Coming to you 2020: president candidate X may or may not have said that he hates women, kicks babies, love hitler, and plans to nuke Wales. You don't even care any more because your airwaves have been saturated with both candidates (and their Vocaloids) saying all kinds of crazy shit in disinformation and counter-disinformation and counter-counter-information campaigns and everybody's desensitized.

Kronopath · on Oct 10, 2016

Already exists, in some form:

http://talkobamato.me/synthesize.py?speech_key=77ff00cb8af50...

btown · on Oct 10, 2016

Someone actually did make soundbanks based on syllables/morae from Trump and Sanders speeches, for the freeware (sadly not open-source) version of Vocaloid [1]. While it is technically extremely difficult to use this technology to approximate English speech (which has a much wider array of possible phonemes than Japanese), the soundbanks can already "cover" some of the more famous Japanese Vocaloid songs [2].

[1] https://en.wikipedia.org/wiki/Utau - which incidentally was the software that created the voice for that erstwhile Nyan Cat meme

[2] http://store.vocallective.net/album/trumploid-vs-sanderpoid-...

RGamma · on Oct 10, 2016

It gets even better when combined with Face2Face, a live-editing software that can transfer facial expressions including lip movements from actors to e.g. politicians on TV: https://www.youtube.com/watch?v=ohmajJTcpNk

elcapitan · on Oct 10, 2016

"""

Greetings Professor Falken

Hello

A strange game.

The only winning move is not to play.

"""

gaius · on Oct 10, 2016

I just wanted to check that none of us have ever said something among friends that we wouldn't want random people or employers hearing about even years later? Even one sentence that could be taken out of context? And we're totally cool about being fired over it? Just checking.

btown · on Oct 10, 2016

Bridgewater is [in]famous for making radical internal transparency their policy by recording, distributing, and referencing all internal conversations. This tech, if up to their standards, would fit right in there. And it shouldn't be surprising that it's one of the most intense, type-A-attracting environments even compared to other hedge funds.

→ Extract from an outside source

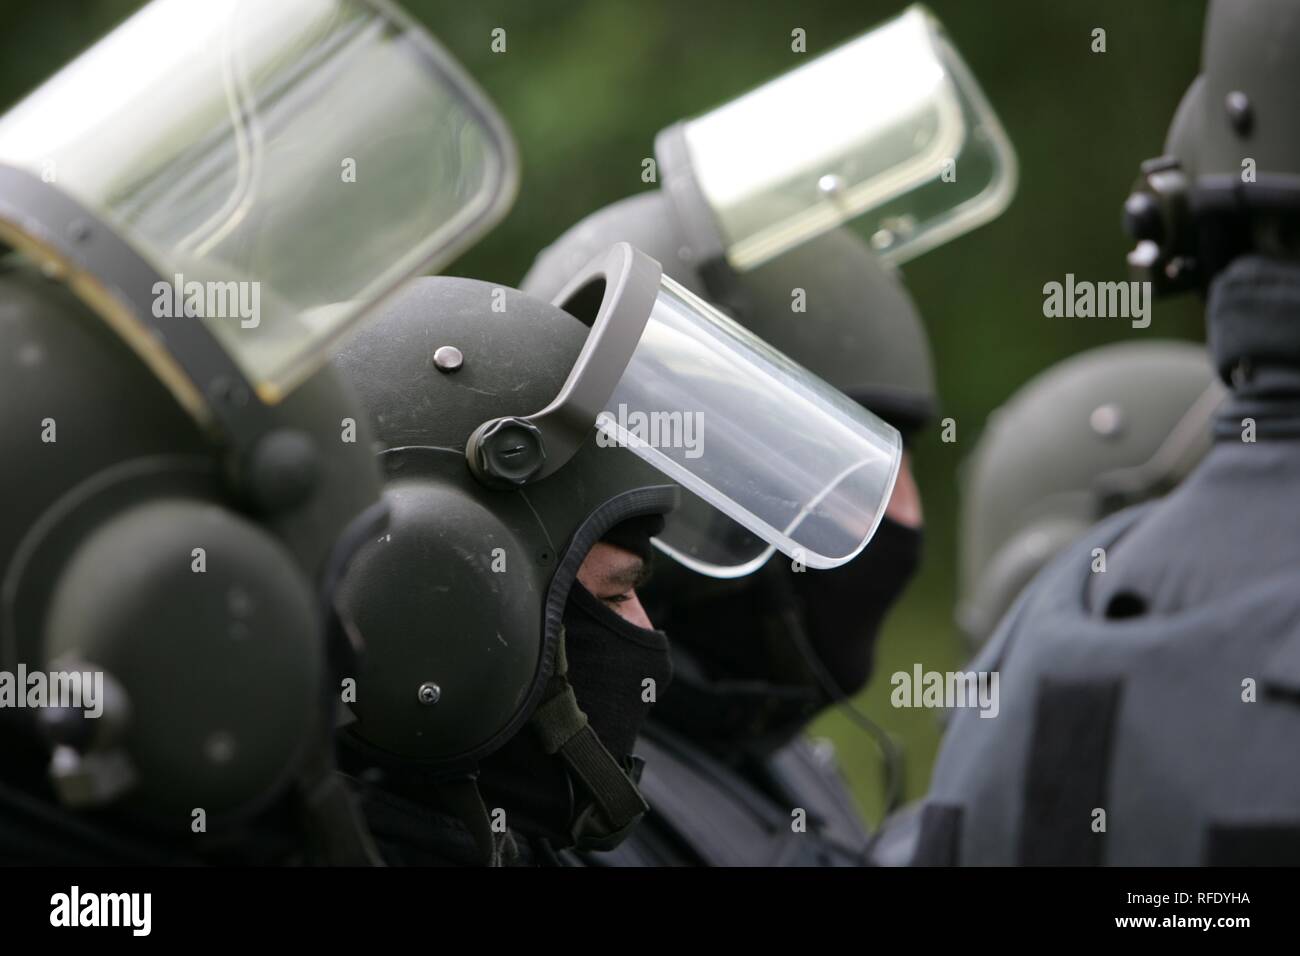 DEU Germania: Esercizio di un team SWAT Hemer su uno speciale addestramento delle forze di polizia di massa. Foto Stock

http://www.businessinsider.com/bridgewater-records-conversat...

http://www.businessinsider.com/ray-dalios-bridgewater-manage...

notgood · on Oct 10, 2016

I just wanted to check if you truly believe he has changed over the last few years or if he would say it against if there was nothing important at stake. Even taken with all the context you can? Just checking.

gaius · on Oct 10, 2016

You think if this technology becomes widely adopted it will only be used on people you dislike? Or by organizations or governments you support? Would you be "safe" if it were used on you? In all circumstances?

notgood · on Oct 10, 2016

We will judge each circumstance accordingly, we are humans not robots after all. Like for any judgment, we will need people to be a bit skeptical.

And so far it has been used for people who knew they were being recorded, so don't talk like its recording private conversations and therefore over-exaggerating the issue.

jklinger410 · on Oct 10, 2016

The problem is not so much the transparency but the irrational nature of American society.

pjc50 · on Oct 10, 2016

Of course we're not cool about that, but I don't think that applies to presidents. The president isn't an "employee".

philh · on Oct 10, 2016

I think it very much applies to presidents. There are vastly more important considerations for a president than "has never said anything regrettable".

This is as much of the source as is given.